Weeks and sometimes months would pass between communications with Kargar. Over two years of negotiations, Alex made it clear that it was illegal to export night-vision goggles without a special license. Furthermore, the United States has an embargo on trade with Iran. Legitimate buyers were required to sign an end-user agreement stipulating they would not resell the items. Without the required documentation, crossing borders with the goggles was illegal.

Kargar understood and opted to proceed anyway. At one point, he wanted as many as 3,500 pairs for his client. The men discussed transporting the goggles through Spain, Turkey, or Canada.

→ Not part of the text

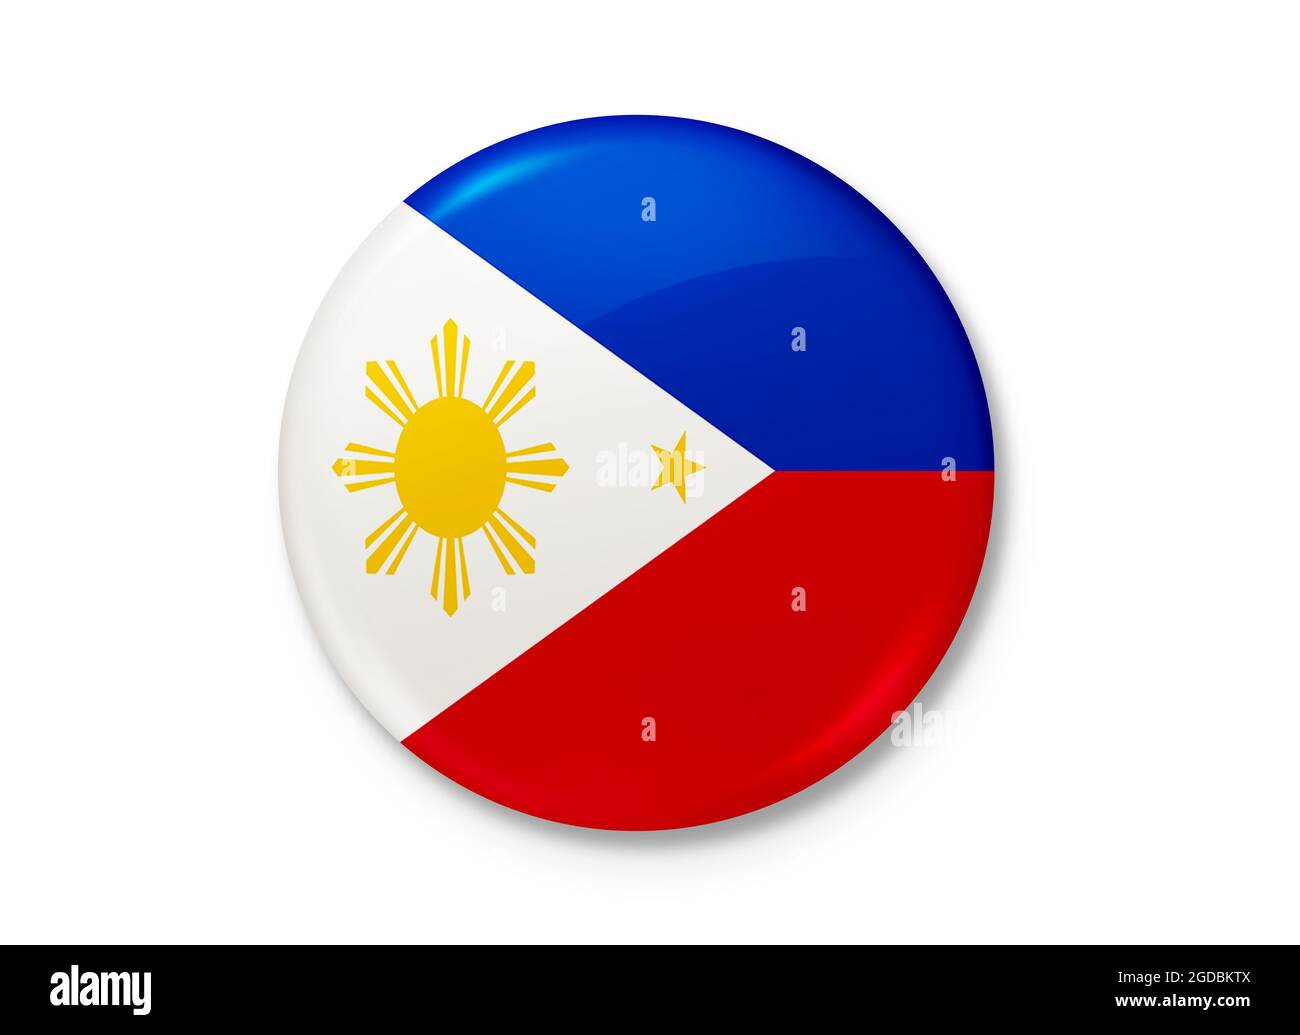 République des Philippines. Texture d'arrière-plan. Manille, Grand Manille, Quezon City. Illustration 3d. Rendu 3d. Banque D'Images

On May 18, 2004, Kargar sent a fax proving that $10,500, the cost of one pair of goggles, had been wired from the National Bank of Dubai to Alex's bank account. The fax was on letterhead from Seif's company, Noor-Al-Fath. The men planned to meet so that Alex could hand over a sample pair. If it was acceptable, they would arrange a bulk purchase. During telephone discussions about the deal, Kriske ensured that a tape recorder was always rolling. Faxes and e-mails were saved as evidence.

On October 15, 2004, Alex got a call from a woman identifying herself as Farideh Fahimi. She explained that Kargar was no longer working for Seif and that she would be taking over the project.

Fahimi told Alex: "Mr. Seif — he's the owner of this company, our company, okay? He is working inside the government of Iran, and he has a good connection, which Mr. Kargar doesn't." She discussed the order — for "different kind of cameras, and whatsoever I don't know, I'm not technical in this part." Later in the conversation, she casually said, "This kind of work, everyone has two or three different names."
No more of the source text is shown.